Muḥiyuddīn Muḥammad´ibn‘Arabī, 1165 in Murcia/Spanien beboren, 1240 in Damaskus gestorben, war einer der bekanntesten Sufis. Er wird wegen seines großen Einflusses auf die allgemeine Entwicklung des Sufismus auch „aš–šayh al–´akbar“, „Der größte Meister“ genannt. Vielen gilt er als Vertreter religiöser Toleranz. Ibn Al–‘Arabi erklärt:
„Allāh sagte: „Ich war ein verborgener Schatz und Ich liebte es, erkannt zu werden, so schuf Ich die Schöpfung (Menschheit) für Mich, damit sie Mich durch Mich erkennen werden“.
Die in Ihm verborgenen Namen sehnten sich danach, sich zu manifestieren. So brachen sie infolge ihrer Sehnsucht, erkannt und geliebt zu werden, aus dem verborgenen und niemals zugänglichen Göttlichen Sein hervor, wie zu lange angehaltener Atem aus dem Körper bricht. Das ist es, was als nafas ar–raḥmān, der Göttliche Hauch, bezeichnet wird, jener Hauch, der die ganze Schöpfung durchweht und die Göttlichen Worte wirken lässt. Die Namen trafen auf das Nichtsein, das sie, gleichsam wie Spiegelstücke, reflektierte, und so ist die Welt gewissermaßen eine Spiegelung der Göttlichen Namen.

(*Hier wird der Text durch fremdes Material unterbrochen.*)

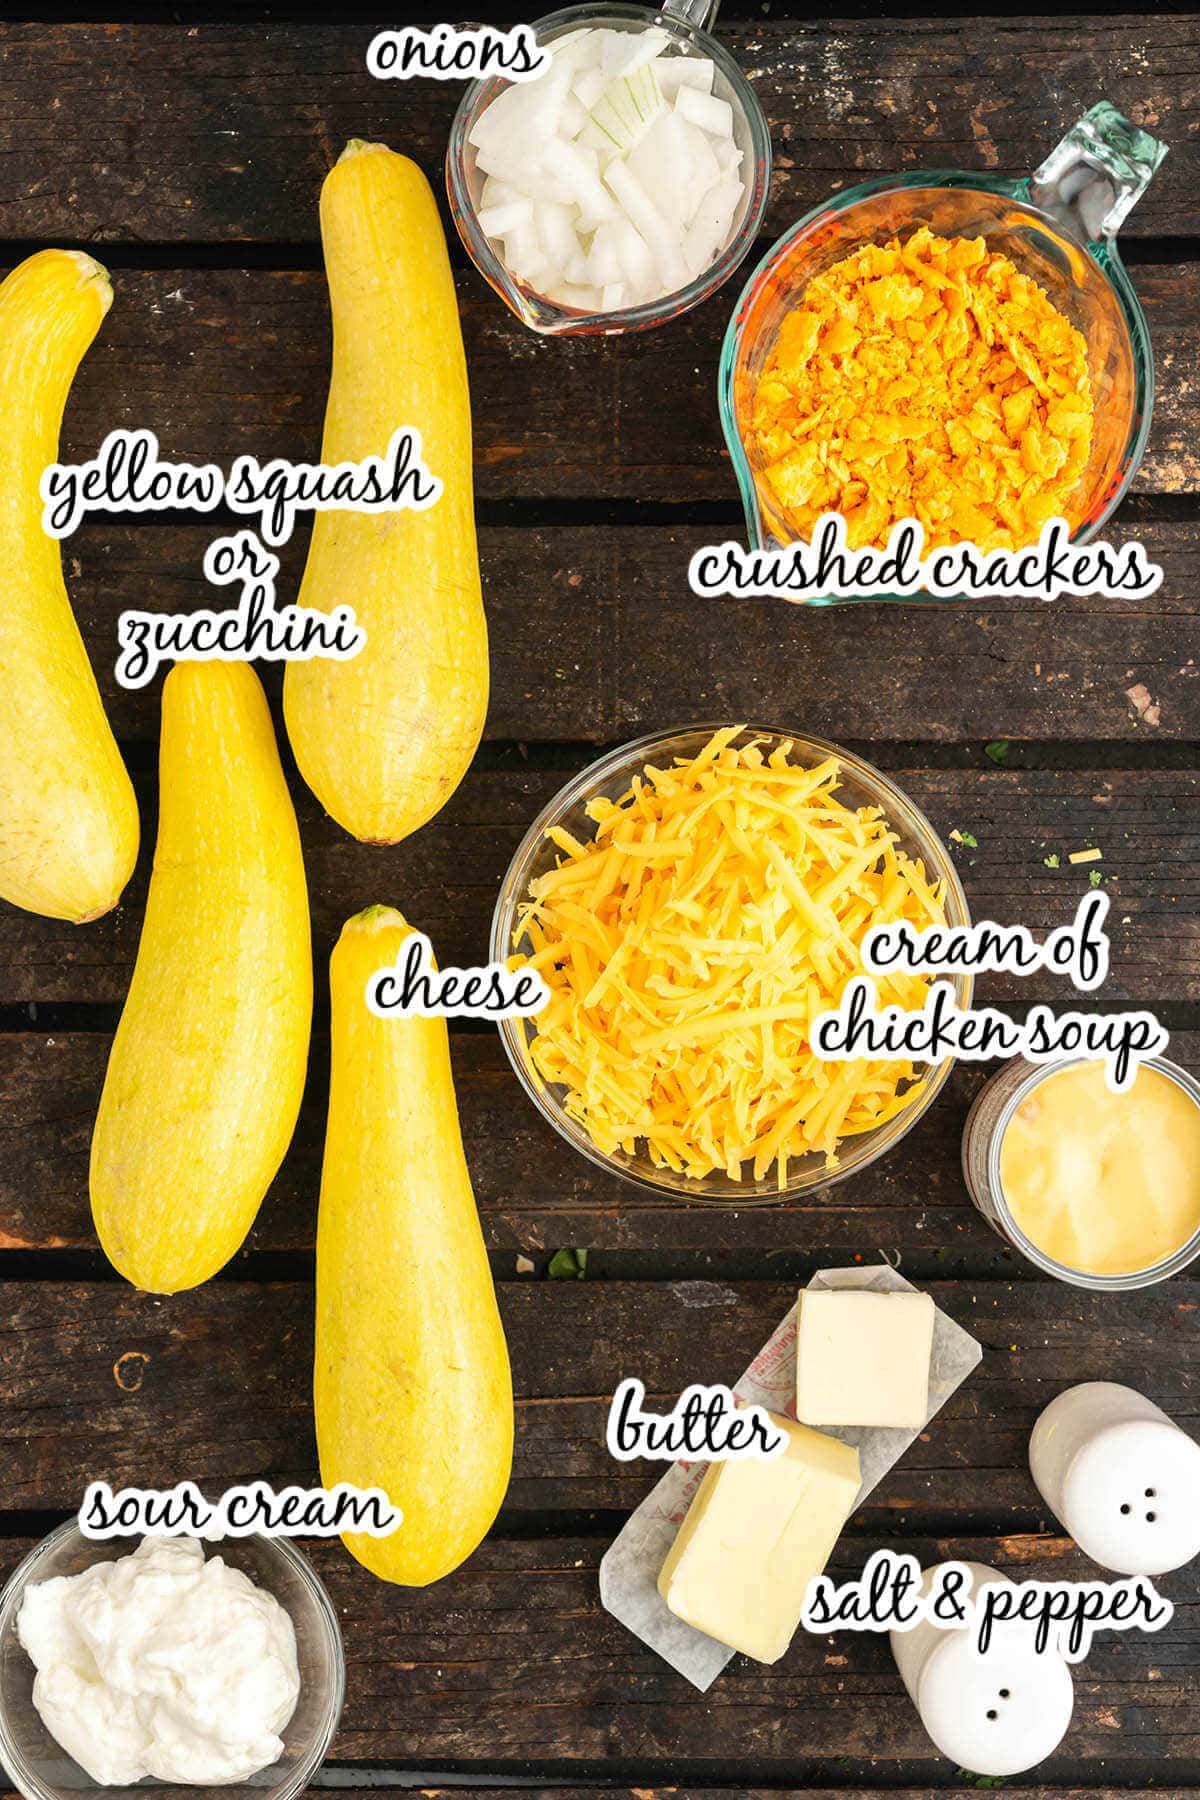 Ingredients to make Old Fashioned Squash Casserole, with print overlay.

Sie existiert nur, solange ihr Gesicht, die Oberfläche des Spiegels, Gott zugewandt ist, sonst verschwindet sie, denn sie ist absolut von Gott abhängig. Gott aber bleibt unverändert, unberührt von der Welt und ist ausschließlich durch die Spiegelung zu ahnen, und so erkennt Ihn jede/r auf seine/ ihre eigene Weise, je nach dem Namen, der sich in ihm/ihr am stärksten manifestiert“.
Die 99 Göttlichen Namen polieren den Spiegel des Herzens, um den Schöpfer sowohl transzendent – und damit größer als die erschaffene Welt – zu erkennen, als auch immanent, also in Allem enthalten. Alle 99 Göttlichen Namen sind Liebesausdrücke, die das Herz heilen und somit unser ganzes Sein.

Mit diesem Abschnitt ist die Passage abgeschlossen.